What Can You Do If You Still Have An Old Universal Life Insurance Plan?

The Insurance BarnObviously, there are enough “less-than-honest” insurance agents operating in society.  Between them, the comedians, media and politicians who have slandered my industry in the last few years, it does not surprise me that insurance agents get the same level of respect as used-car salesmen.

I have found that it works better if people like me for who I am before they are repulsed by what I do.  As a result, like I mentioned yesterday, I do not go out of my way to tell people what I do for a living.  I am not ashamed to be an Insurance Counselor but I do not see the need to cause alarm when it is not warranted.


In the 1990s members of my industry earned the reputations all insurance agents now share.  They sold life insurance as if it were a retirement plan rather than for the death benefit it provided.  Universal Life insurance was easier to sell and paid a significantly higher commission than Term Life.

Law suits abounded against many of the Life insurance companies.  At that time, people who purchased Universal Life insurance as a retirement plan were given the opportunity to make adjustments to something more appropriate.


Apparently, not everyone got the memo.  My wife and I were at a dinner party last week with some friends.  One gentleman commented about a Life insurance policy he and his sister are paying for on his father.  The policy is over 30 years old.

I saw no reason to illuminate my friends with my vocation at that time.  However, once a problem with a life insurance policy was brought up, I took the man aside, gave him my card and offered some options for him.

His father did not take advantage of the offer to adjust his policy during the 1990s.  He is now experiencing the troubles that the insurance companies wanted to avoid.


Compared to the millions of policies that were misrepresented by insurance agents in the 1990s as retirement plans, the thousands of old Universal Life insurance plans that still exist are tiny.

If you or a loved one still has one of the old, pre-1990, Universal Life insurance policies, contact an Insurance Agent you trust and have them reviewed.

Those plans were sold at a time when interest rates were in the double-digit area.  Today, interest rates are significantly lower than what was illustrated.  You may find that your policy will lapse or charge you an outrageous premium in the near future.

If you have a plan like that, although your right to return it to your insurance company for adjustment may have expired, you can still trade it in for either a type of insurance that has more guarantees or use what money is still left in it to fund a true retirement plan with an annuity.

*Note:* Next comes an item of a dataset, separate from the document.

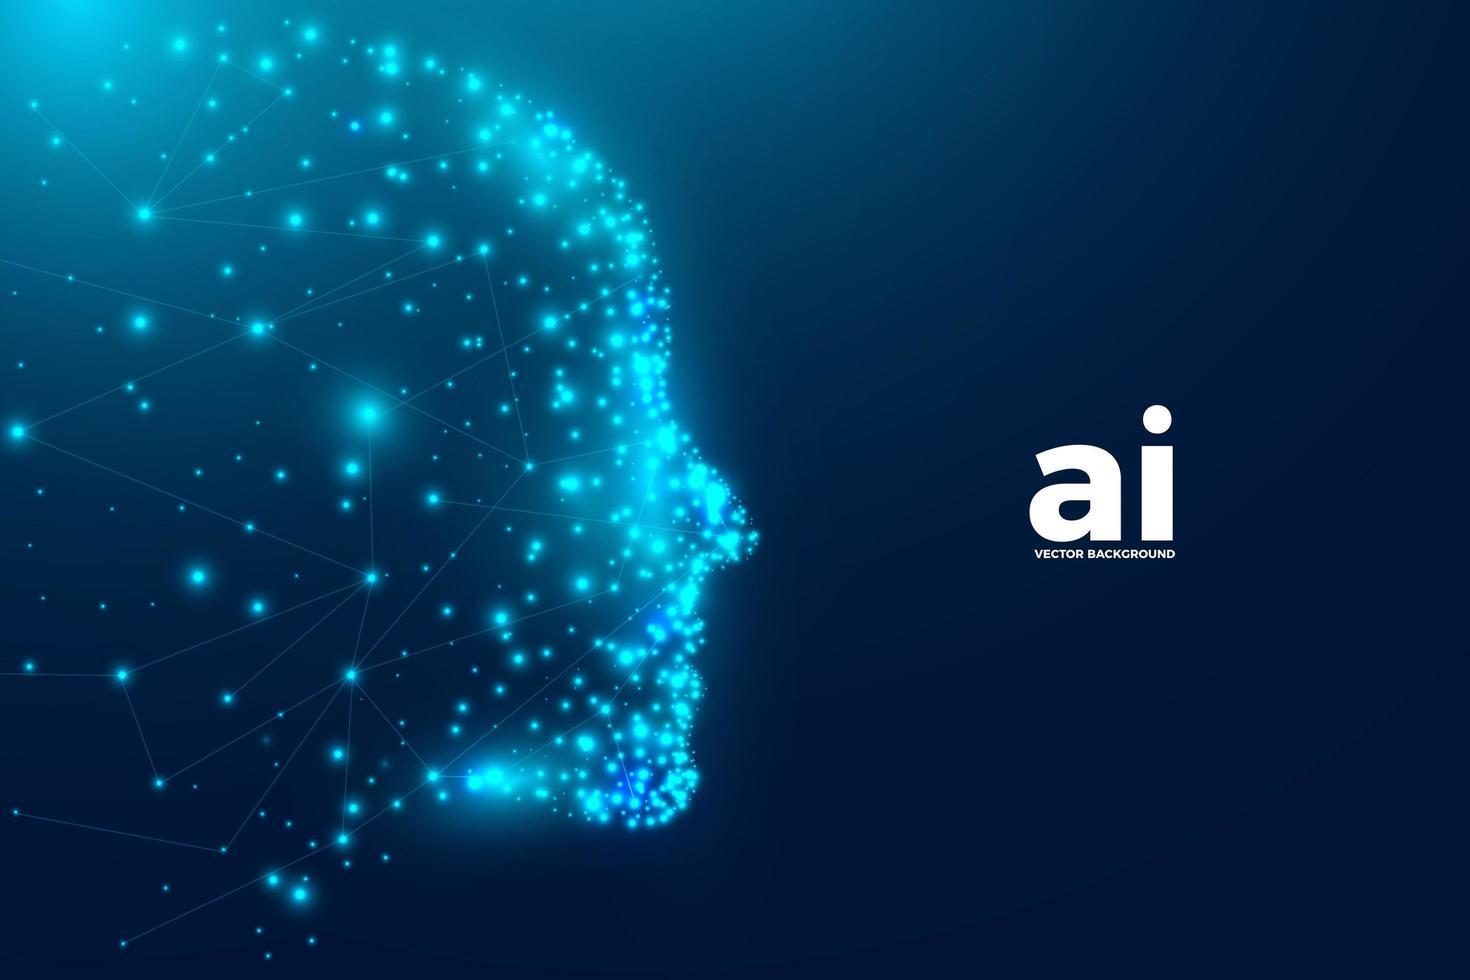 Fundo de inteligência artificial com partículas e rosto humano vetor
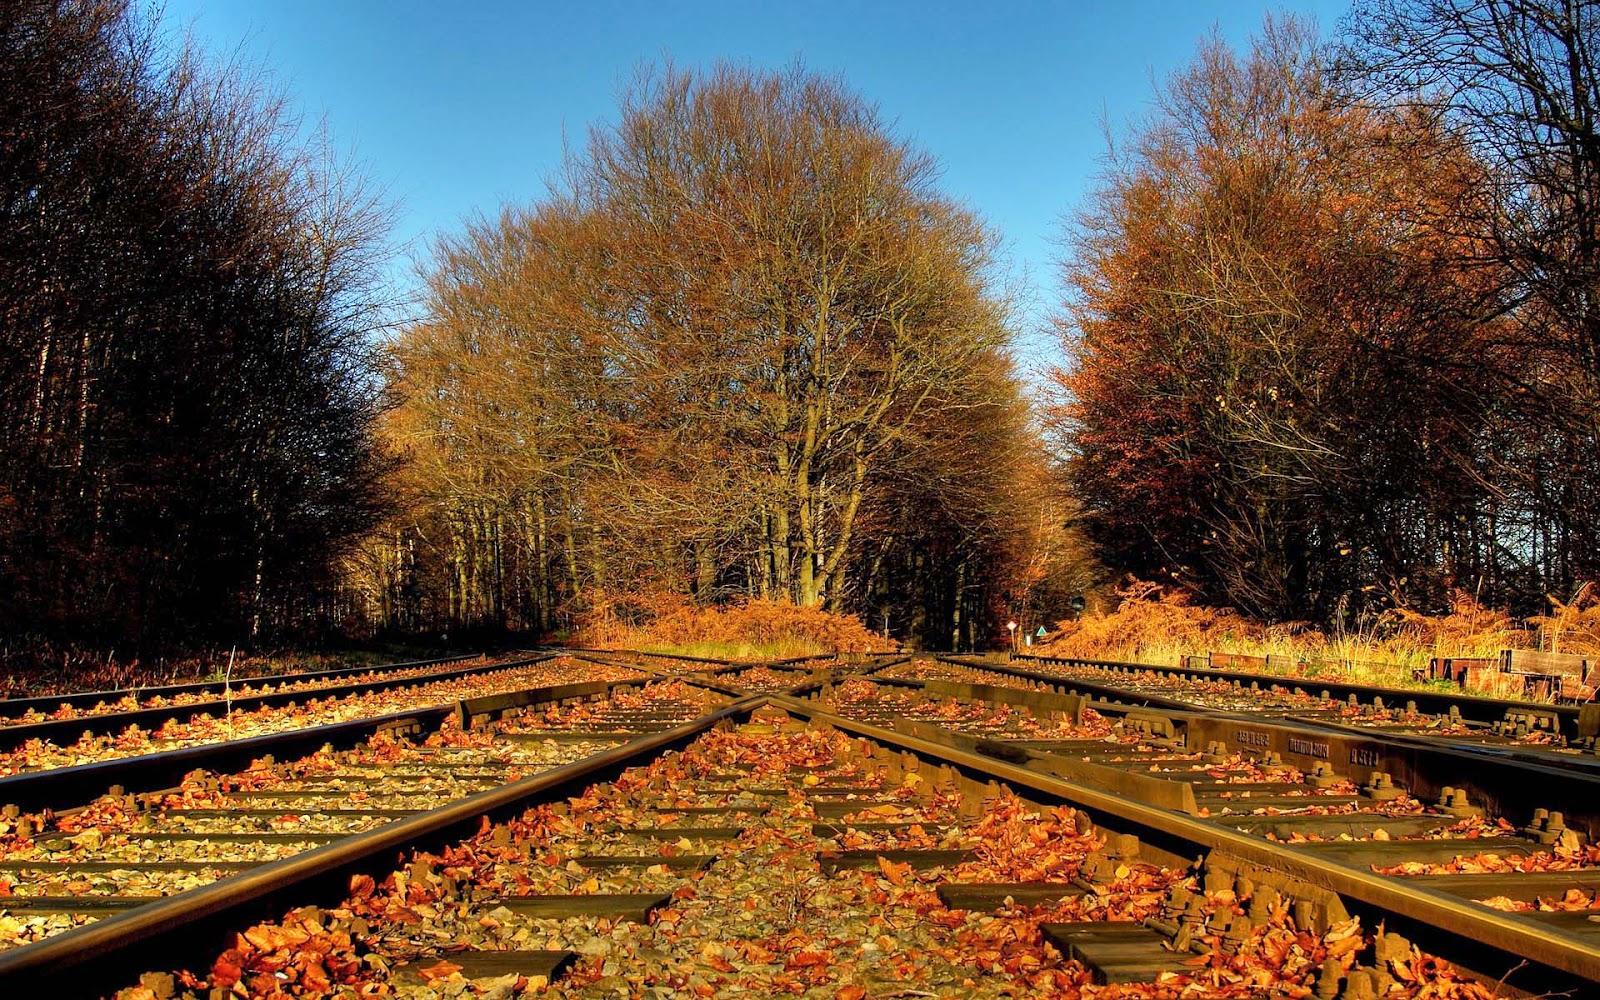 Herfstbladeren op het spoor

(When you are shopping for Life insurance, be careful.  There are still plenty of insurance agents, who do not know any better, who are trying to pass off Universal Life insurance as a retirement or college savings fund.  Universal Life is neither.  Universal Life is a fine Life insurance plan when it is used appropriately.  It is not an investment plan.)


In September, 2012 another one of the laws that regulate insurance company use of  Universal Life Insurance was modified.  The regulation known as AG-38 requires insurance companies to place more money into reserves in order to pay the death benefit of Universal Life Insurance.  

The initial reaction to the new regulation saw several insurance companies suspend sales for new Universal Life insurance policies until after the first of next year.  Some insurance companies continued to sell Universal Life insurance as if nothing had happened.

If you are considering the purchase of a Universal Life insurance plan, be advised that the premiums for these types of plans are expected to increase by another 20-40% after the first of the year.

Just when I was starting to think that the bugs in Universal Life insurance had been worked out and it was safer to sell, regulations are changing.  Apparently, there are still problems.